**Required action**
Determine how many lines of the records include "photography", and answer with the number alone.

(Excerpts from a dataset)
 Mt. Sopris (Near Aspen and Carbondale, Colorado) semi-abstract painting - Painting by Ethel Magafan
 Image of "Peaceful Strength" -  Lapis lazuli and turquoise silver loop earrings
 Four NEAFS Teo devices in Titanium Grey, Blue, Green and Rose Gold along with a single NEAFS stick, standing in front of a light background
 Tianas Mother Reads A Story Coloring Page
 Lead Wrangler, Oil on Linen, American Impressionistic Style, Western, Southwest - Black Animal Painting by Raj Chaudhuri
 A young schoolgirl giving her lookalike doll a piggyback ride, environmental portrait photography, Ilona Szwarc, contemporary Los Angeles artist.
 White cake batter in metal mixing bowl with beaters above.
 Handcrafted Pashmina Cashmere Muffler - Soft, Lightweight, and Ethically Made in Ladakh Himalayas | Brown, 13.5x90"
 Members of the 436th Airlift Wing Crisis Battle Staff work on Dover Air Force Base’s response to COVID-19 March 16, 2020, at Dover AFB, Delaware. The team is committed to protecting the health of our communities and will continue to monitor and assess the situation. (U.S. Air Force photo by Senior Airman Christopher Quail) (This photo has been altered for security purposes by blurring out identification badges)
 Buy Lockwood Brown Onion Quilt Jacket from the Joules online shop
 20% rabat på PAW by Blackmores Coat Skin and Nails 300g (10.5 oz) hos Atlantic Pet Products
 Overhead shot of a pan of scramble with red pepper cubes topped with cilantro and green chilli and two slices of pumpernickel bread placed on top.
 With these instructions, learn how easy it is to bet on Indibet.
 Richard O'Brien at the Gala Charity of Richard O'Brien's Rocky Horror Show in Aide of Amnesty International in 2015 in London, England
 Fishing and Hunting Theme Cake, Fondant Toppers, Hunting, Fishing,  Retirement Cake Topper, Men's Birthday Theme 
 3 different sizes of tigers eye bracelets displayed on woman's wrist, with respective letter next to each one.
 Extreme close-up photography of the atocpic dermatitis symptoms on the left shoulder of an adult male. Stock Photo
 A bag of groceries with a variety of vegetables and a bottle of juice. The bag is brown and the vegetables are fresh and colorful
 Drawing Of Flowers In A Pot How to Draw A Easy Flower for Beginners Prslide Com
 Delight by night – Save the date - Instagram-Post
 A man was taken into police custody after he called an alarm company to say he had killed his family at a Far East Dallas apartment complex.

**Exercise response**
2